*** Input material ***

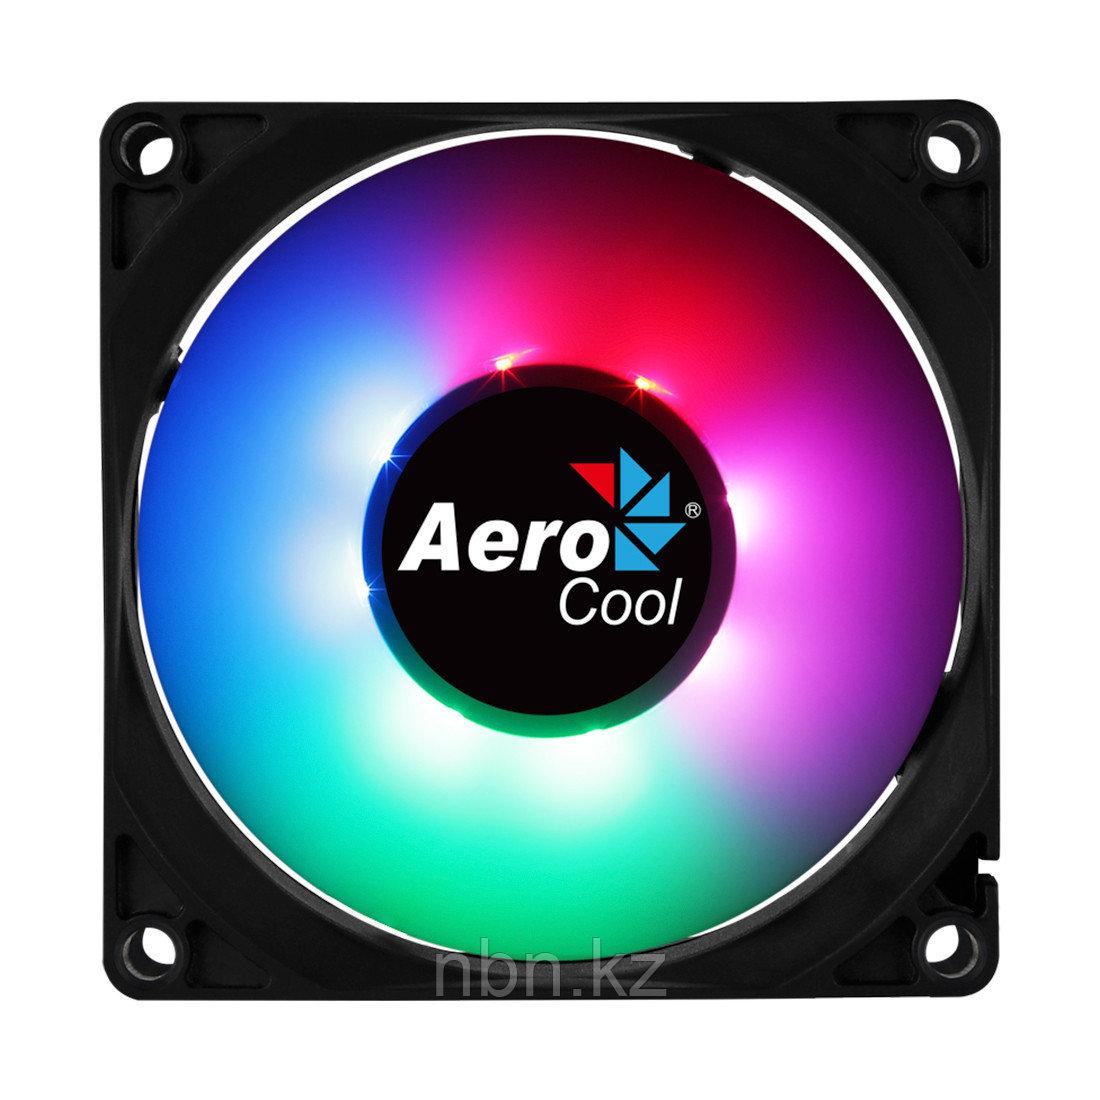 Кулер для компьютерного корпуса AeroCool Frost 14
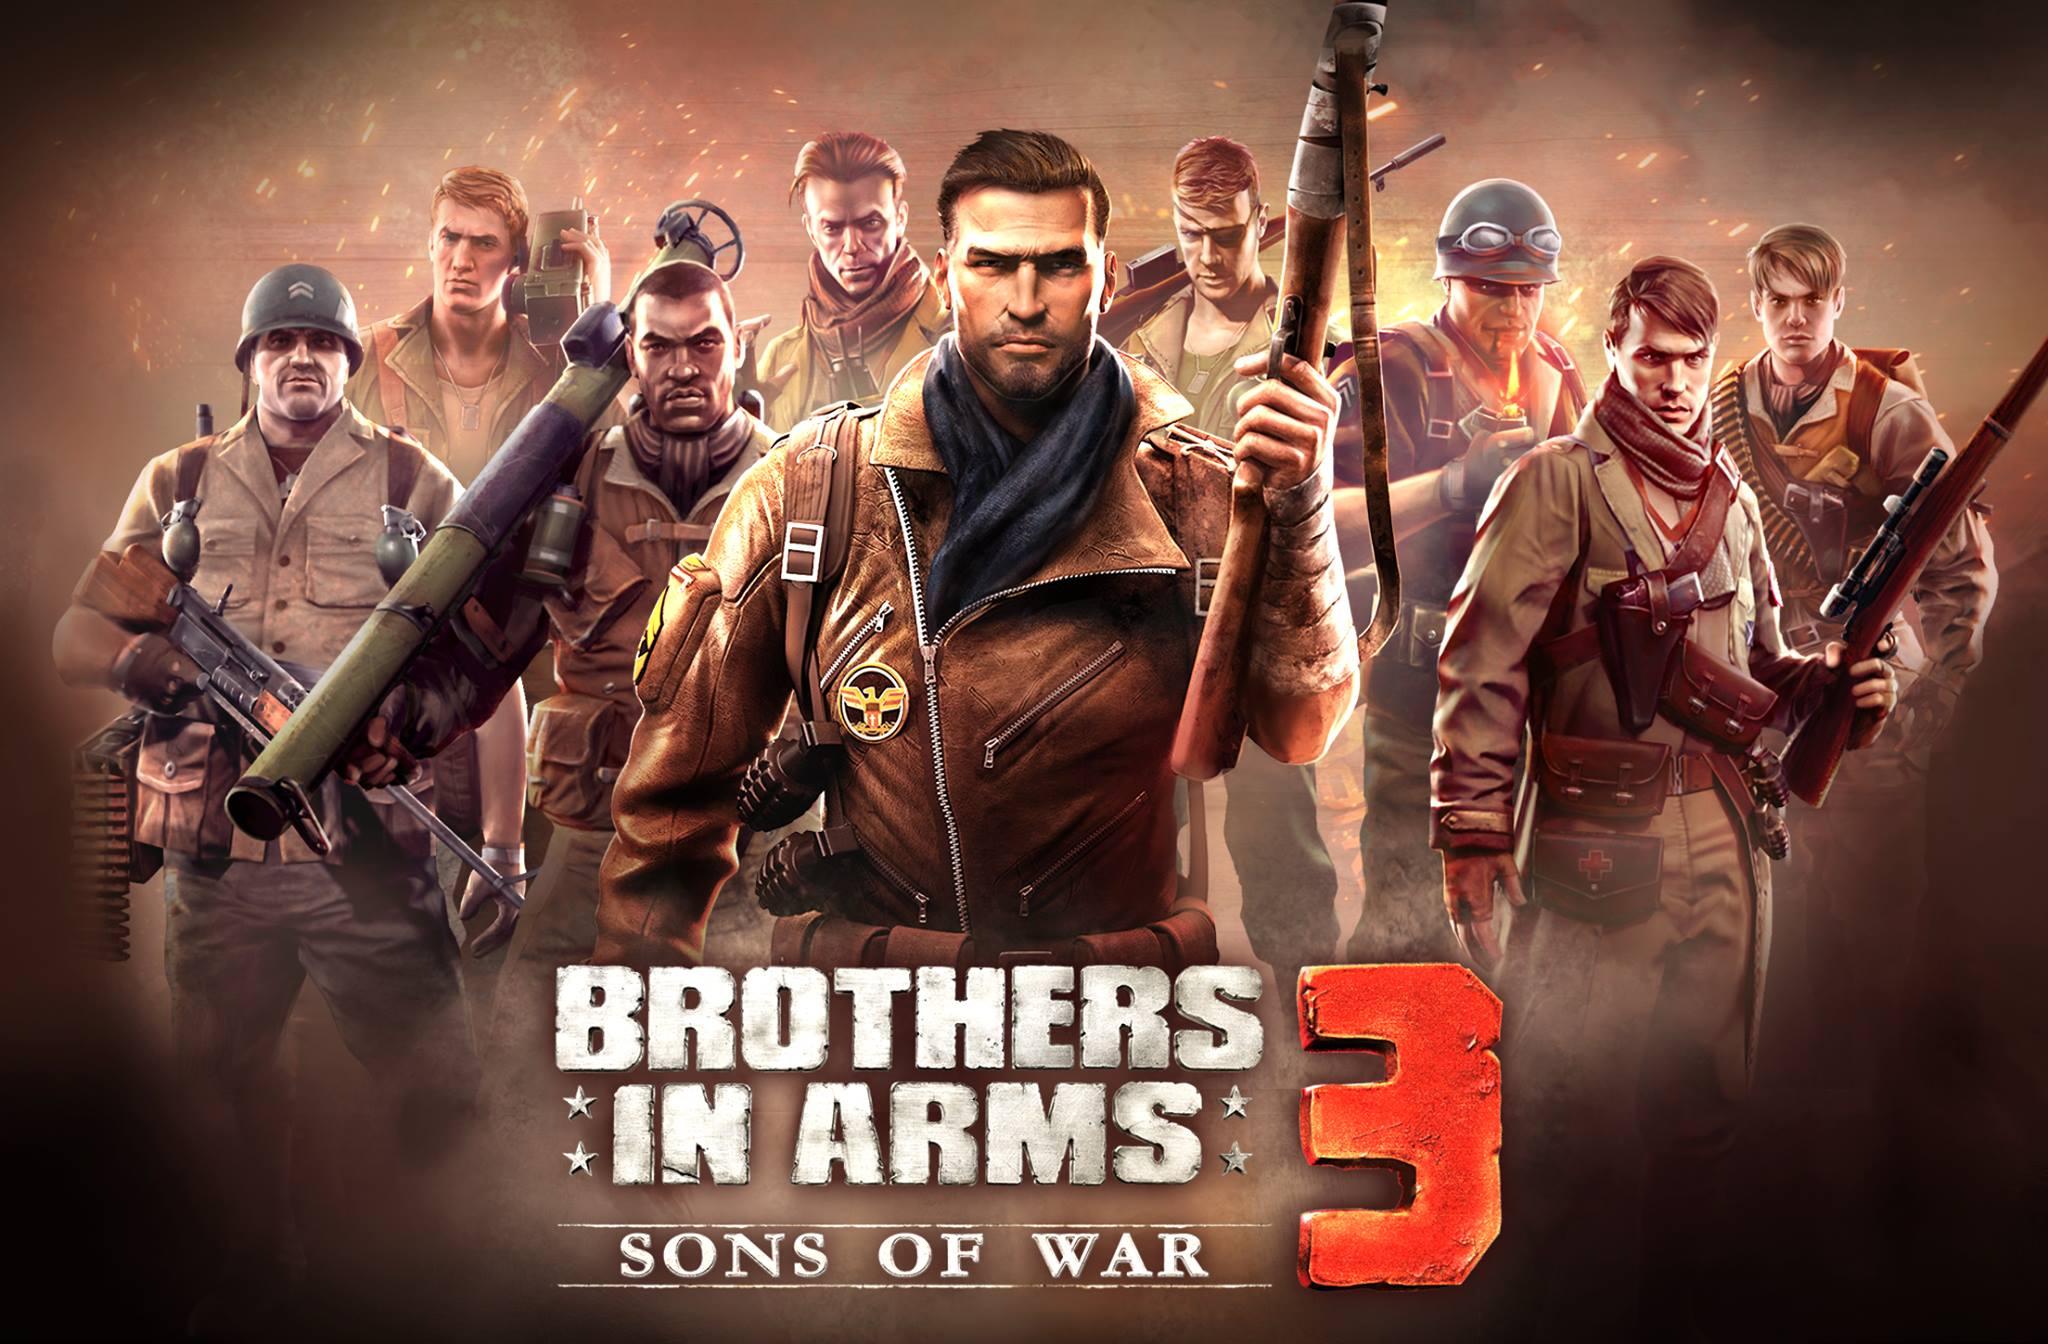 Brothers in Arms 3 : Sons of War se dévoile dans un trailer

***
*** Input material ***

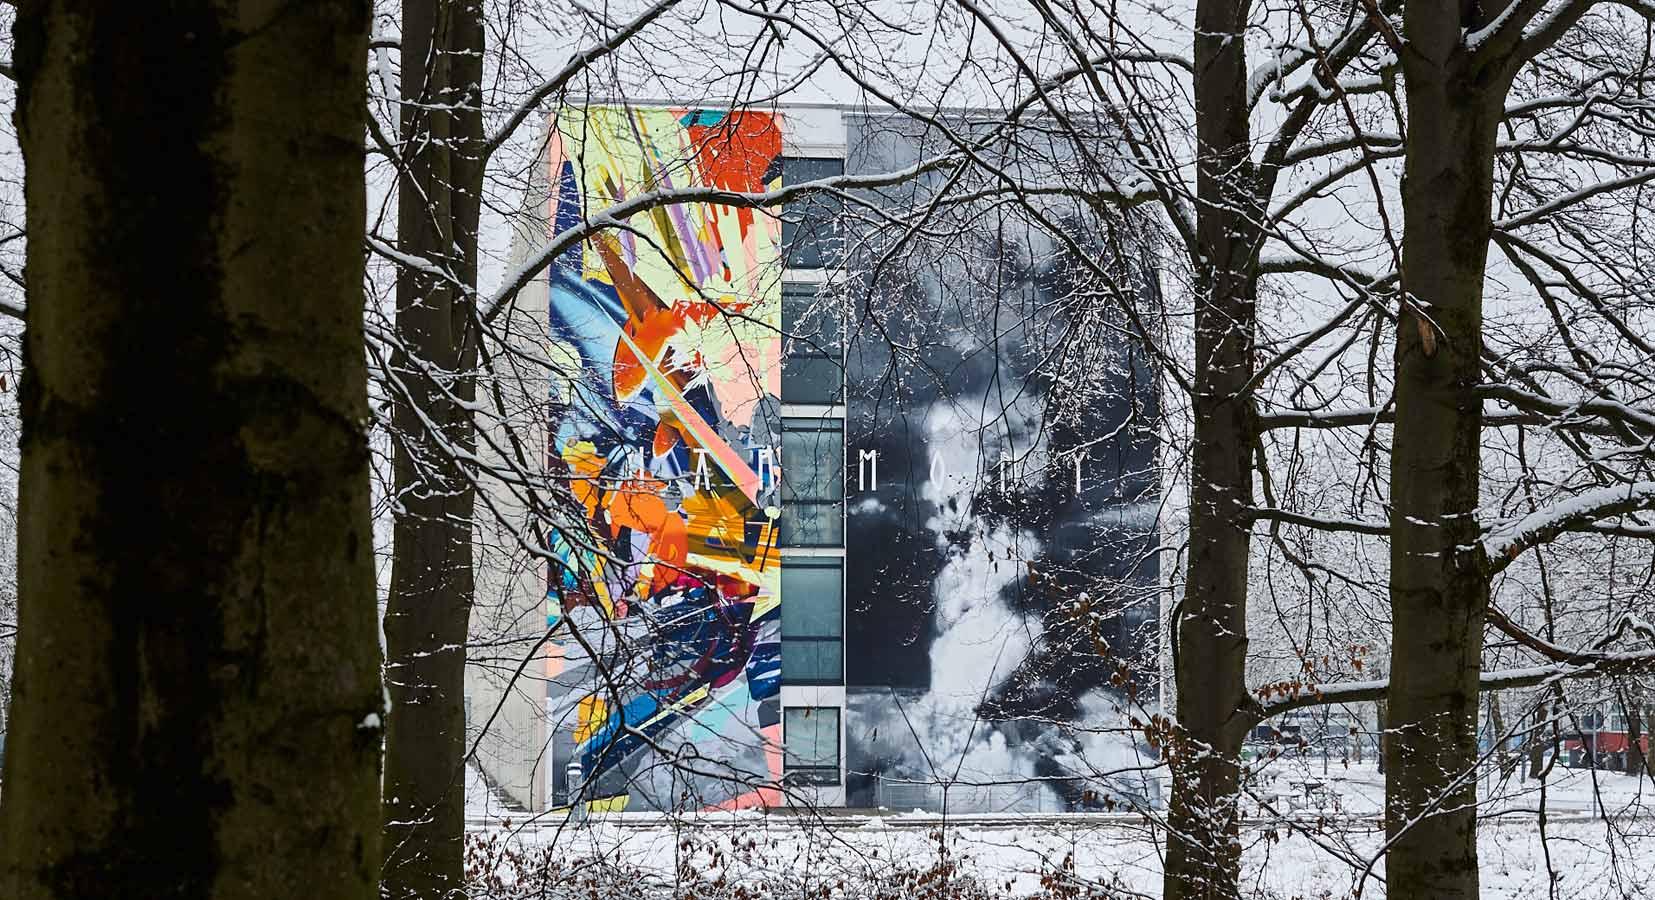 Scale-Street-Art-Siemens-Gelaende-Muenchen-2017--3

***
*** Input material ***

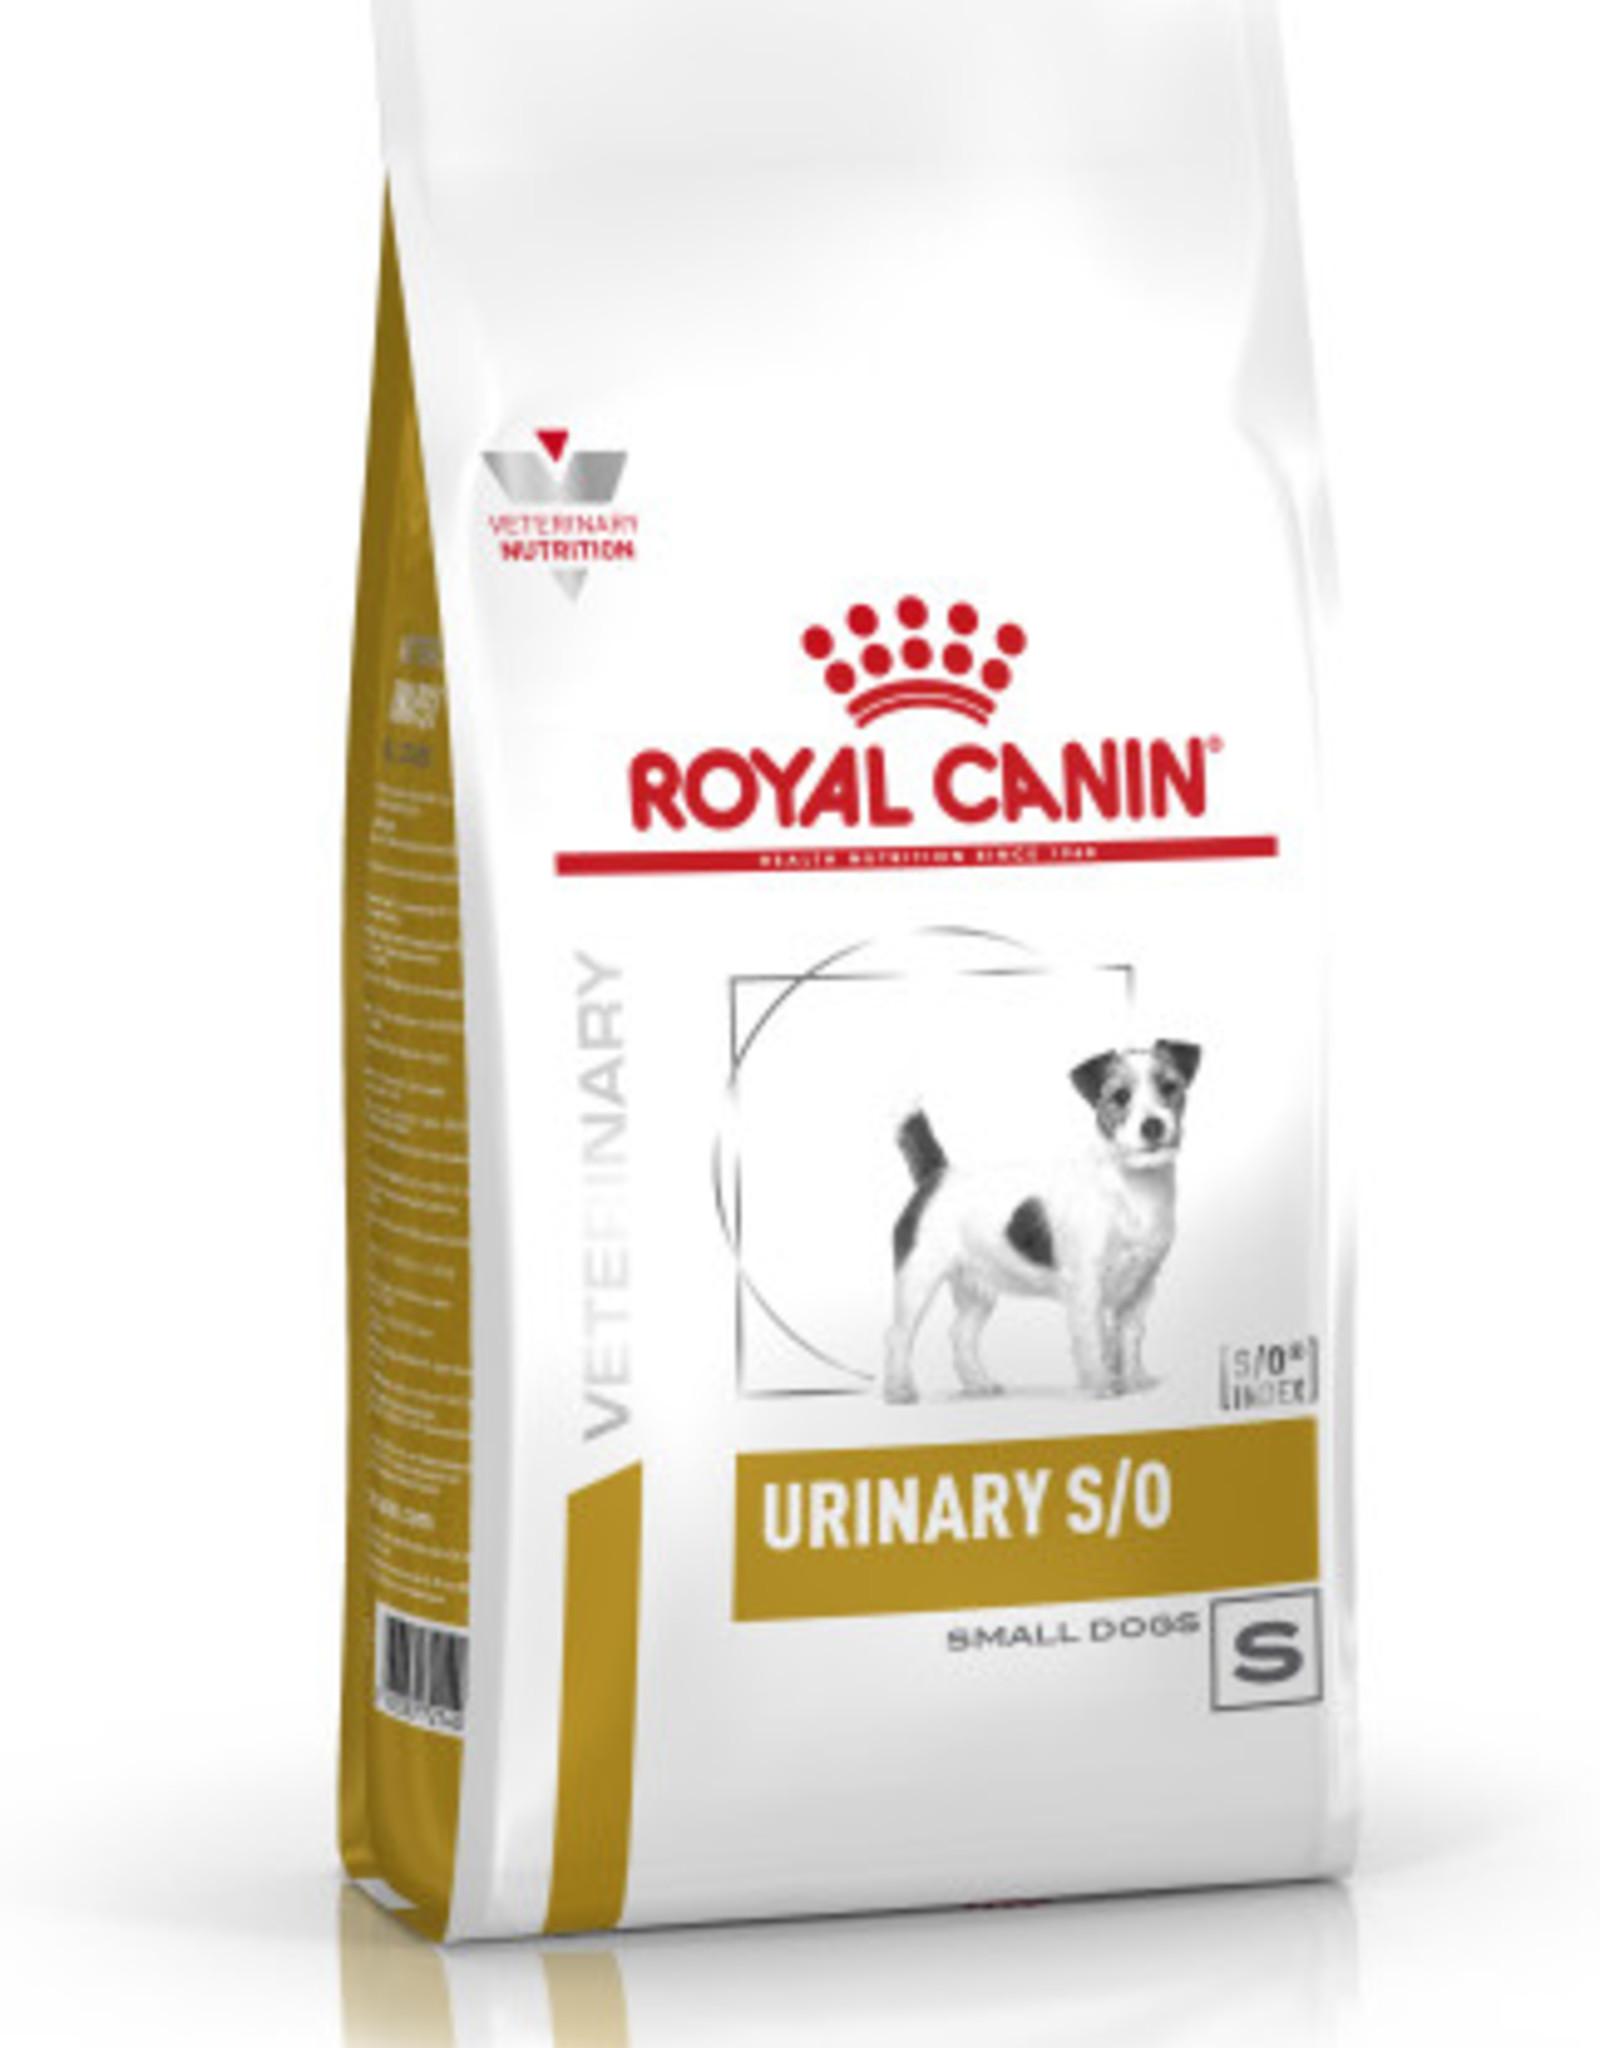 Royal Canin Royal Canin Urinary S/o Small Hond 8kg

***

* Exercise description
Would you write out exactly the lines above, starting at the line containing "Кулер для компьютерного" and stopping after the line containing "Brothers in Arms"? Omit the pictures.

* Expected output
 Кулер для компьютерного корпуса AeroCool Frost 14
 Brothers in Arms 3 : Sons of War se dévoile dans un trailer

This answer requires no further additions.